Frequent urine testing — used despite heated debate in the
field over its value — leads to swift consequences: one drug
court judge keeps a grab bag on the bench, to reward a
teenager's good test results with movie passes, CDs and
cookies. A bad outcome may result in anything from an essay
to a strict curfew.
“What we do better now is coordinate the different offices,”
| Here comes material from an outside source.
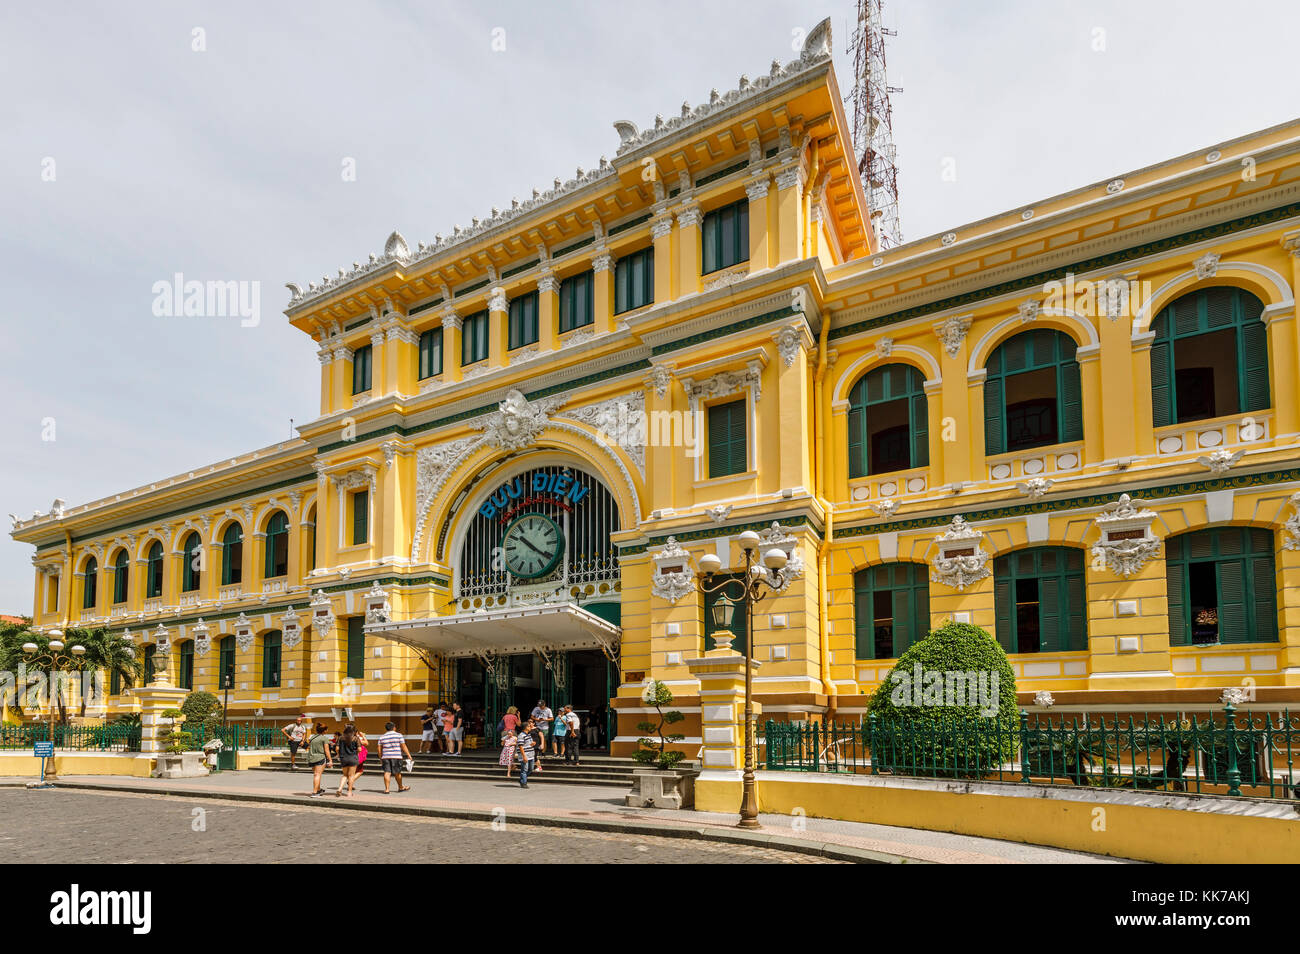 Central Post Office progettata da Gustave Eiffel, District 1 Dong Khoi Area, centro di Saigon (Ho Chi Minh City), Vietnam del sud, sud-est asiatico Foto Stock

says Jeffrey Bidmon, assistant division director of the
Santa Cruz County Probation Department. “In the old days,
the treatment provider would have to hide any knowledge
about the teen's drug use from the probation officer. They
weren't on the same page about therapeutic treatment; it was
more about law enforcement, a belief that “We'll teach 'em a
lesson.”’
The Santa Cruz County Mental Health & Substance Abuse
Services also has supplemented the traditional 12-Step
programs associated with Alcoholics Anonymous with something
called The Seven Challenges, a behavioral therapy designed
to help adolescents make healthy decisions about their
lives. It builds on studies that have found that those who
successfully break addictions pass through five stages:
pre-contemplation, contemplation, preparation, action and
maintenance.
The changes in Santa Cruz are part of a broad-based, $21
million initiative introduced in 10 cities around the
country by the Robert Wood Johnson Foundation. Called
Reclaiming Futures, the program is aimed at improving drug
and alcohol treatment for young people in trouble with the
law over a five-year period.
As evidence-based practice becomes the guiding principle of
all medicine — from cancer to heart disease, and now
depression and addiction — the science has begun trickling
down from the lab to the real world. Multi-systemic therapy,
also known as “ecological intervention” and “integrated
treatment,” is one of the strongest. Regardless of its name,
it draws on family involvement and looks at the teenager
within a larger universe of family, school and the criminal
justice system.
The paradigm shift — looking at drug addiction as a public
health problem, not a criminal justice matter — has had
remarkable results. Officials say the number of youths
incarcerated in Juvenile Hall has been drastically cut, from
a daily high of 60 to 70 in 1997 to 12 on a recent day this
year.
“You can provide effective treatment in the community for
$4,000 a year,” says Bidmon. “Or you can spend $45,000 to
$80,000 a year for a residential, in-custody program. We had
to take a look at what position we wanted to stand for.”